-- PROBLEM DESCRIPTION --
Write out the listing below without alteration, omitting its pictures.

___ THE DATA

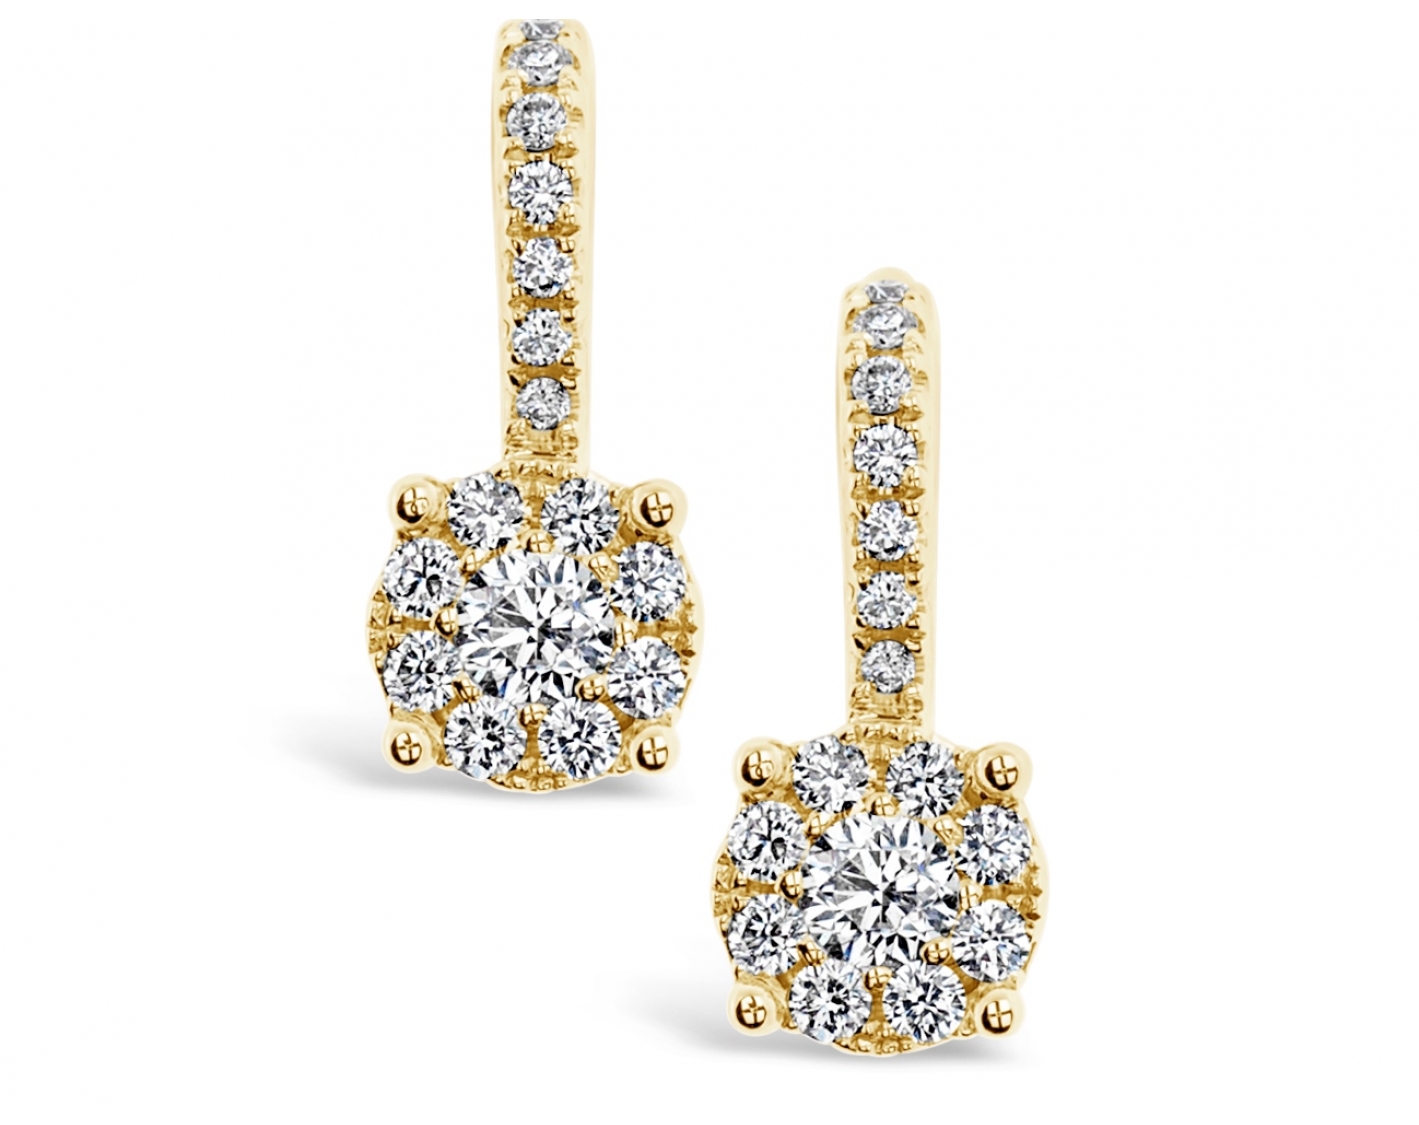 18k yellow gold halo illusion set diamond earrings with upstones Photos & images
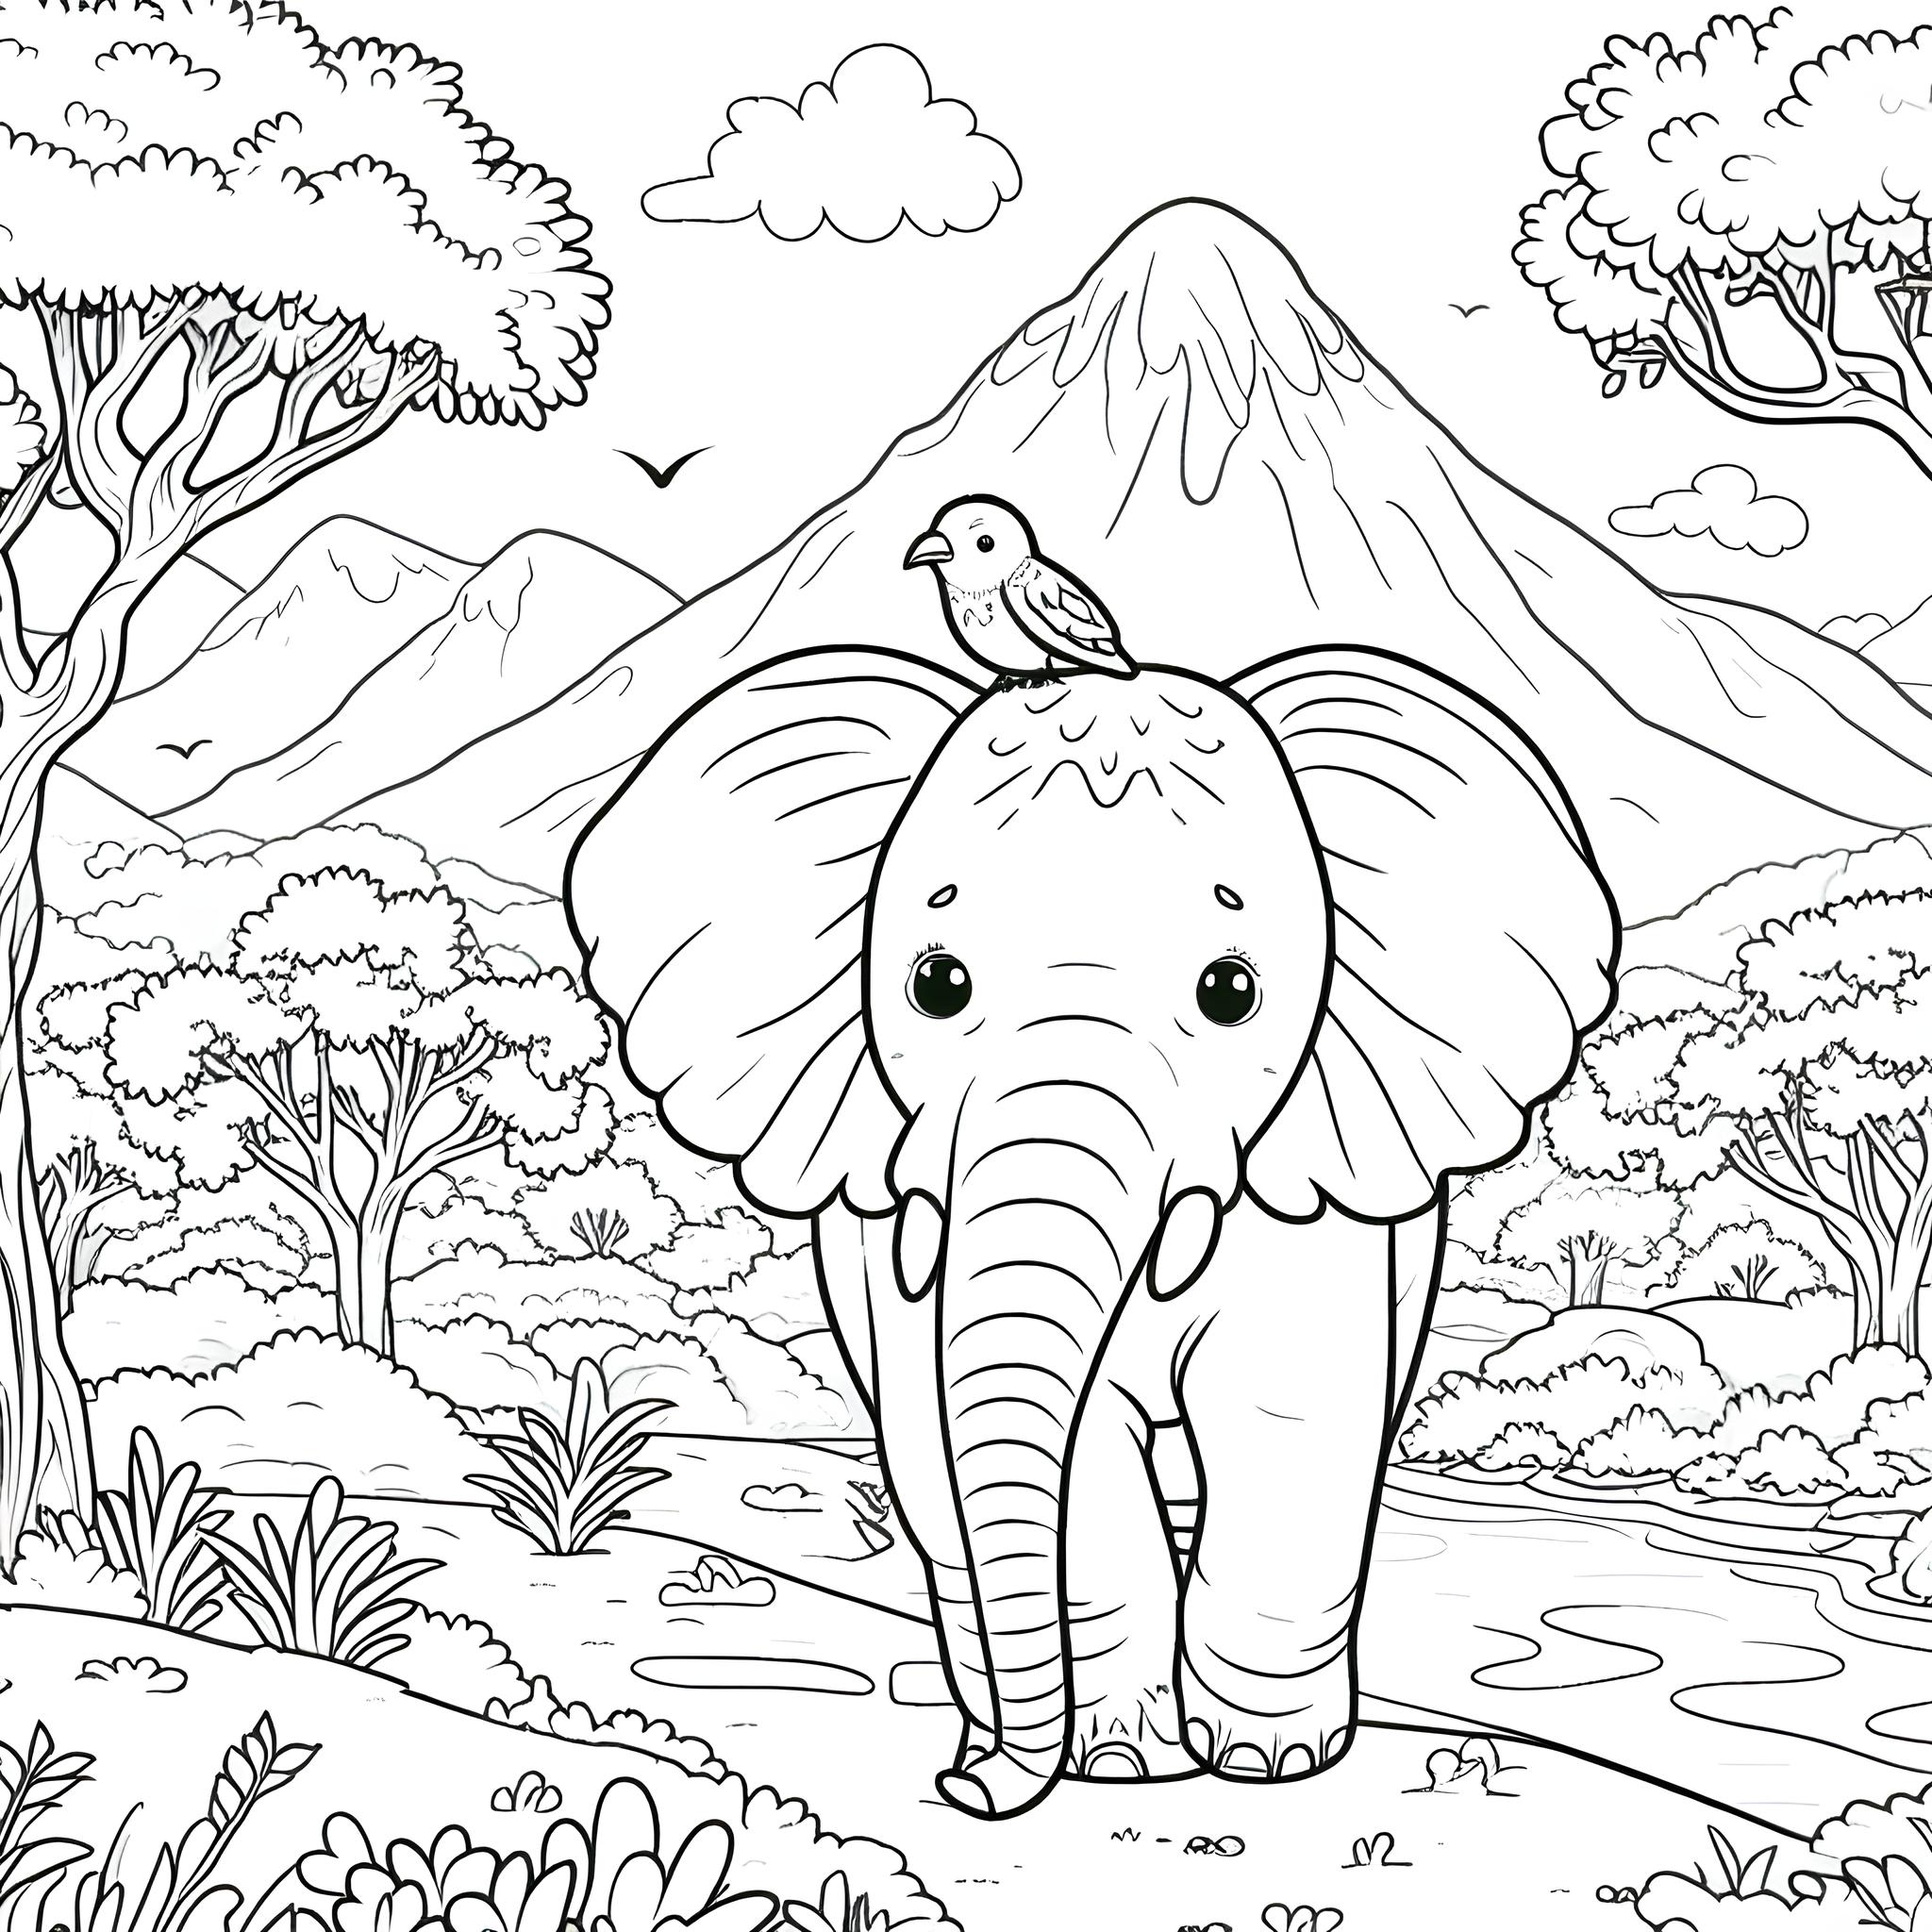 Ausmalbild: Junger Elefant
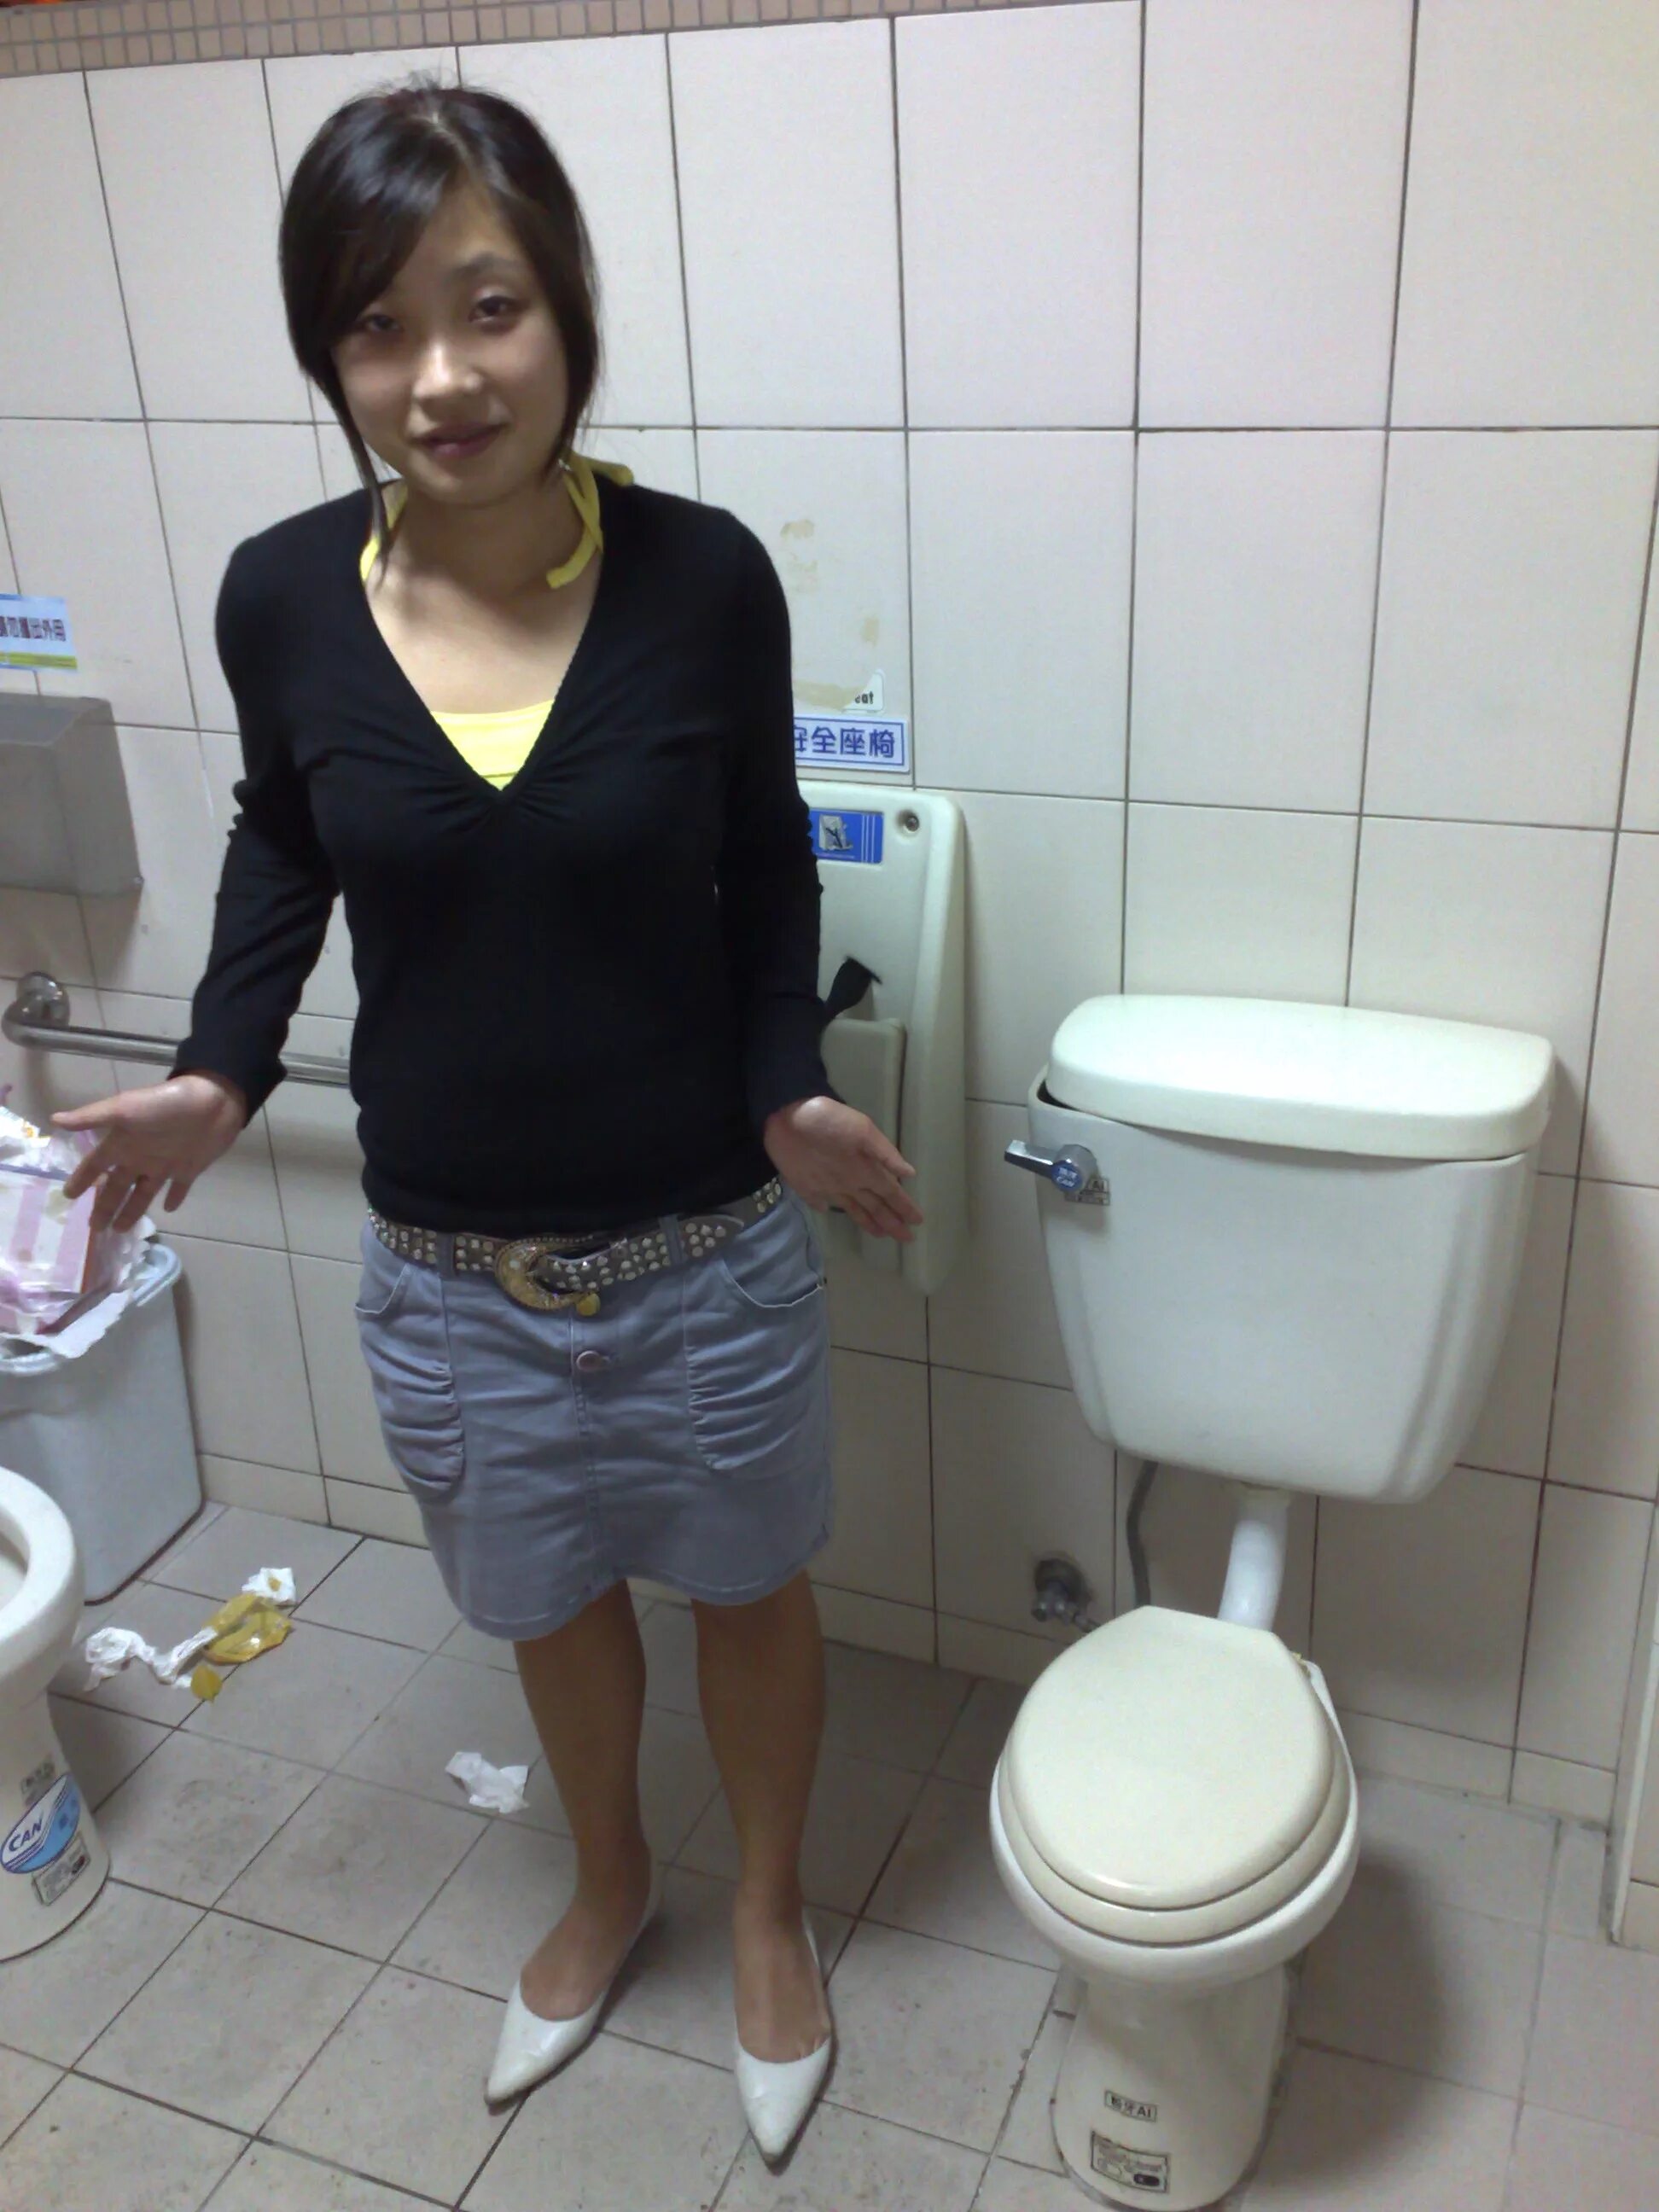 Девушки в туалете на улице. Девочка в туалете. Туалет азиатского типа. Красивая девушка в туалете. Азиатский унитаз.

______

-- THE ANSWER --
 18k yellow gold halo illusion set diamond earrings with upstones Photos & images
 Ausmalbild: Junger Elefant
 Девушки в туалете на улице. Девочка в туалете. Туалет азиатского типа. Красивая девушка в туалете. Азиатский унитаз.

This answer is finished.